In a deplorable incident, Sen. Spearman was once attacked by a group of white men while she served in the military. But that attack was already subject to criminal prosecution. The only thing enhanced penalties would have changed is putting government in charge of establishing what are and are not acceptable thoughts. And acceptable thought has a way of evolving. Fifty-six years ago this week, the federal government indicted Confidential magazine and its distributor on charges of sending obscene material through the mails. The material was information on abortion.

Sen. Spearman quoted Martin Luther King Jr.: “The moral arc of the universe bends toward justice.” So it does, one hopes. But establishment of acceptable opinion and enforcement of state-approved opinion carries us away from justice. In the same speech, Dr. King said, “It’s a dark day in our nation when high-level authorities will seek to use every method to silence dissent.”

Noting that the courts have upheld wide-ranging inquiries into defendants’ opinions years earlier, Hentoff wrote, “Watch what you say, and try to remember what you have said in the past. Other prosecutorial questions also may include magazines or other publications you read, or even which recordings you listen to.”
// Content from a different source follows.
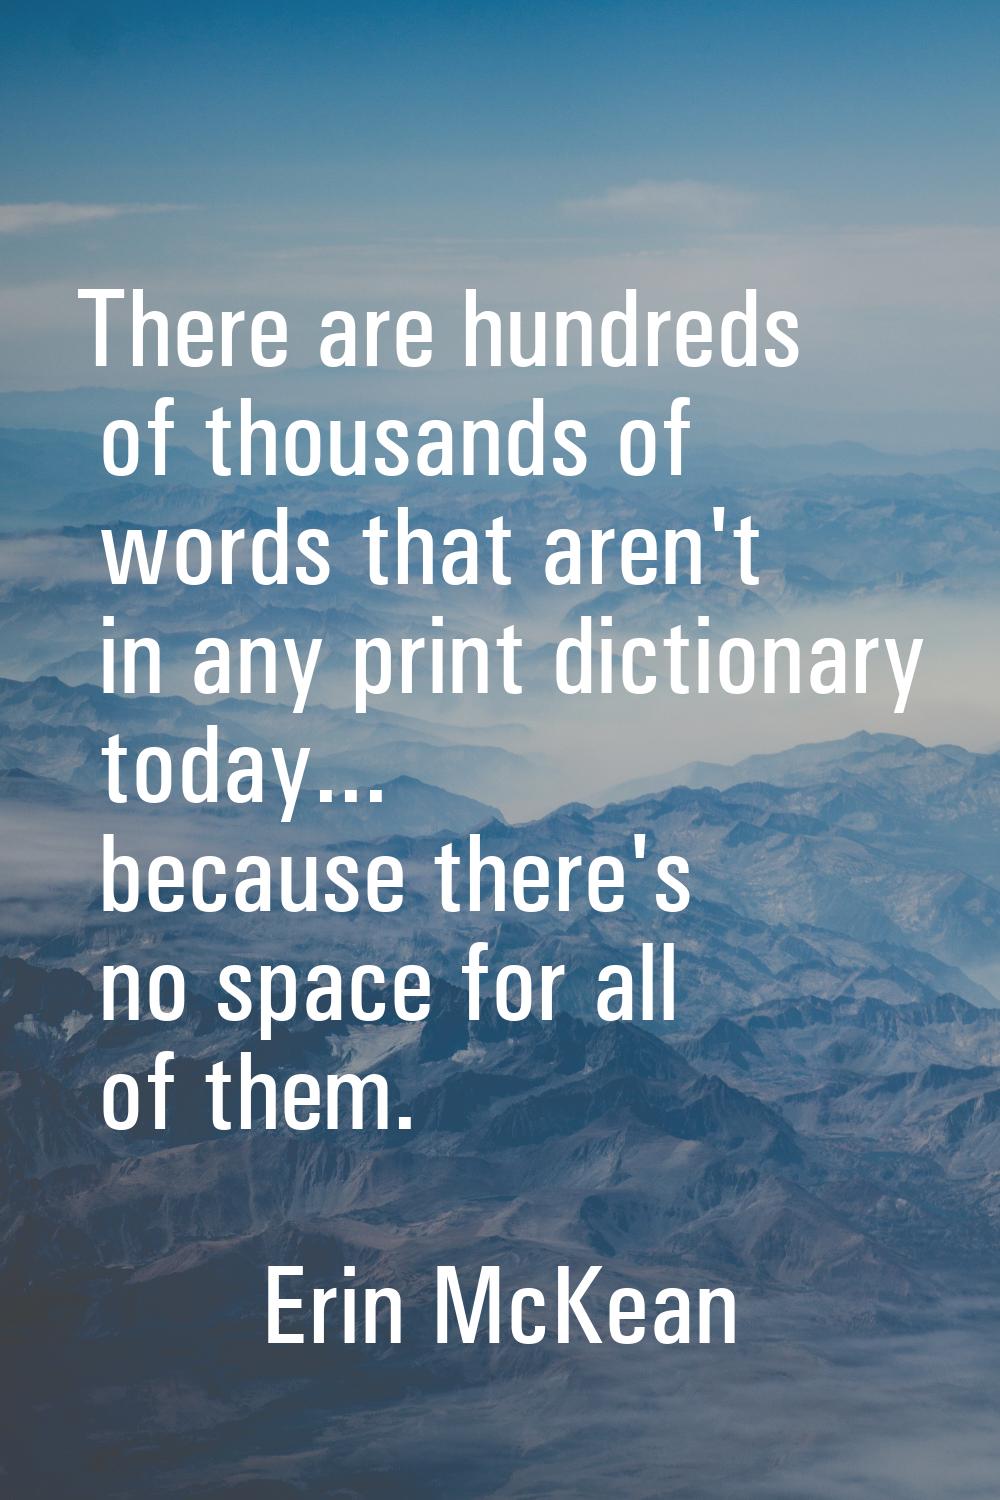 There are hundreds of thousands of words that aren't in any print dictionary today... because there

In addition, once hate crimes are established it becomes easier to suppress other forms of expression. This is not just the “slippery slope” argument. It has happened. In Connecticut and New York, for example, the legislature has moved on from thought crimes to thoughts, by outlawing the display of what they consider hateful symbols—specifically, nooses. These laws move beyond prosecutable violence and instead criminalize pure opinion.

This should be dealt with at the legislative level. Once the laws are on the books, judges are reluctant to hear challenges. Among those not permitted to sue to overturn thought crime laws are the American Family Association, several Michigan ministers, and 16 Ohio Amish residents.

The crimes at issue are already illegal. SB 139 should be defeated and other similar laws repealed.